Recently, I listened to an interview
with Ashley Merryman, co-author of Nurture
Shock: New Thinking About Children. She
argues that we’ve raised a generation of trophy kids. They are rewarded not for excellence so much
as mere existence. One example: more money is spent on trophies by youth
soccer organizations nationwide than on coach training or equipment. Indeed, parents faced with little league
budget cuts more often choose to save money by playing fewer games than by
giving fewer trophies.
Some other highlights from Merryman’s interview:
- Kids know the difference between receiving a trophy and earning one… but they’re not sure adults do. Because adults praise them no matter their level of success, their authenticity is suspect over time.
- Students who are praised for their intelligence are often paralyzed by the threat of failure. If they fail, are they no longer intelligent? It’s in the best interest of such children to repeat successes (often beneath their ability level) and avoid challenges (often slightly outside their comfort zone).
- By contrast, students who are praised for hard work (a character trait over which they seem to have more control than intelligence or beauty) are often emboldened to attempt more. Hard work (and not success) becomes their defining characteristic – even though the first frequently leads to the second.
- Consider a parent confronting a child: “Did you break the vase, Mary?” Mary wants to please her mother.
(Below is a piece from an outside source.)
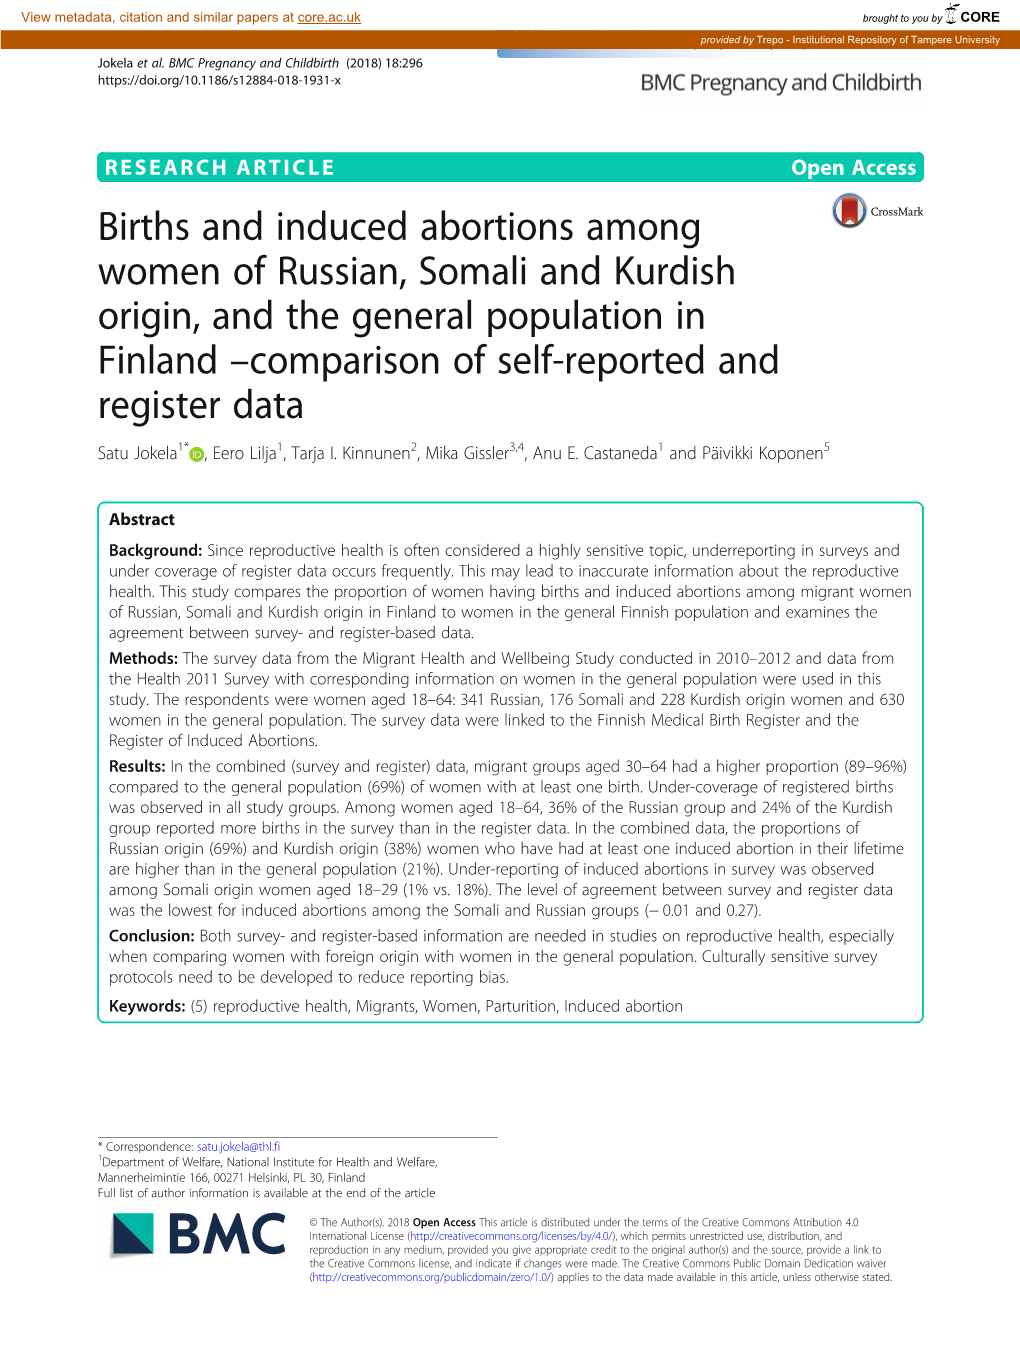 Births and Induced Abortions Among Women of Russian, Somali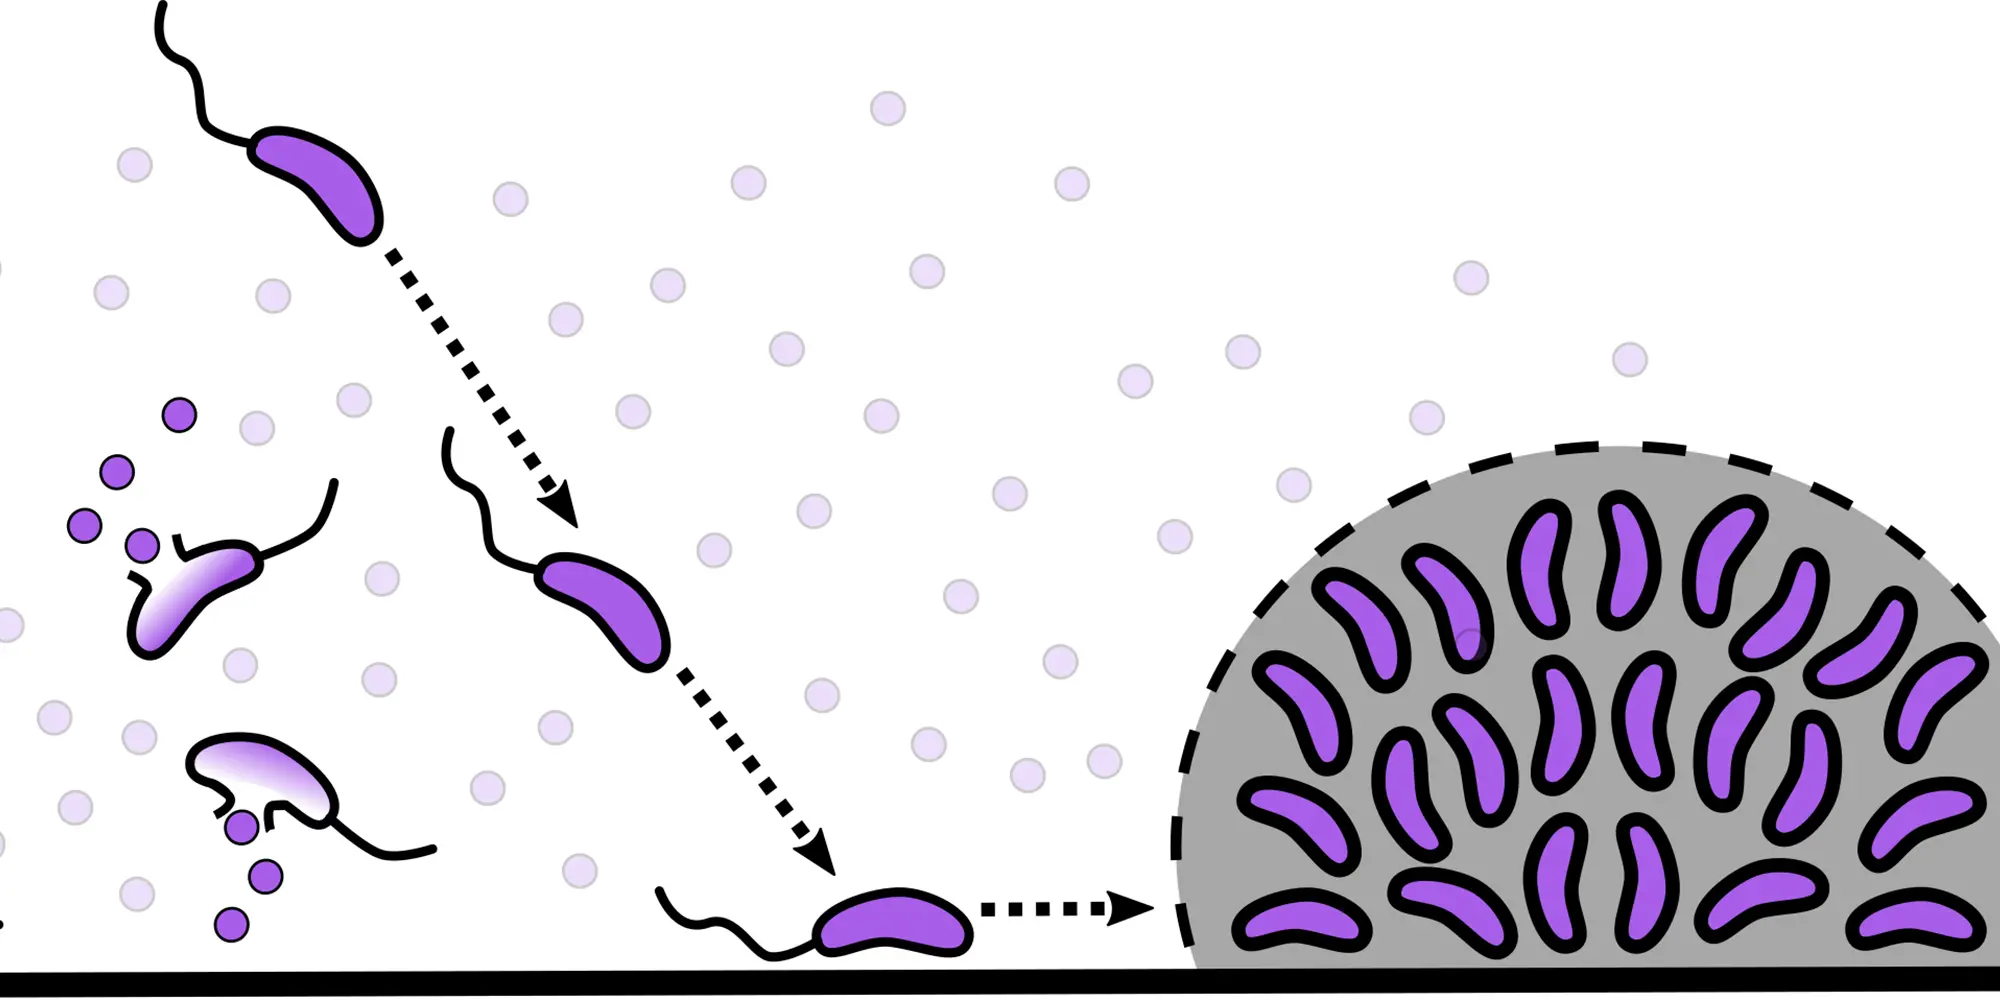 When V. cholerae sense the death or injury of any bacteria in the Vibrio genus, they clump together to form a protective biofilm.

But answering “yes” admits failure. Answering “no” is lying. The question presents Mary no opportunity to make her parents happy. As an alternative, suggests Merryman, try: “It would please me to hear the truth about the broken vase.”
- Parents of young children offer incessant praise, expecting the cold reality of criticism to kick in at a later time. They defer criticism to some future authority in the lives of their children. But grade inflation – and even workplace perks – suggest that an honest appraisal is simply not forthcoming.
I haven’t read the book, so I’m not necessarily coming out as
an advocate. The author did present her
case with well-reasoned research. And I’ve
taught (and parented) long enough to have encountered anecdotal support of my own.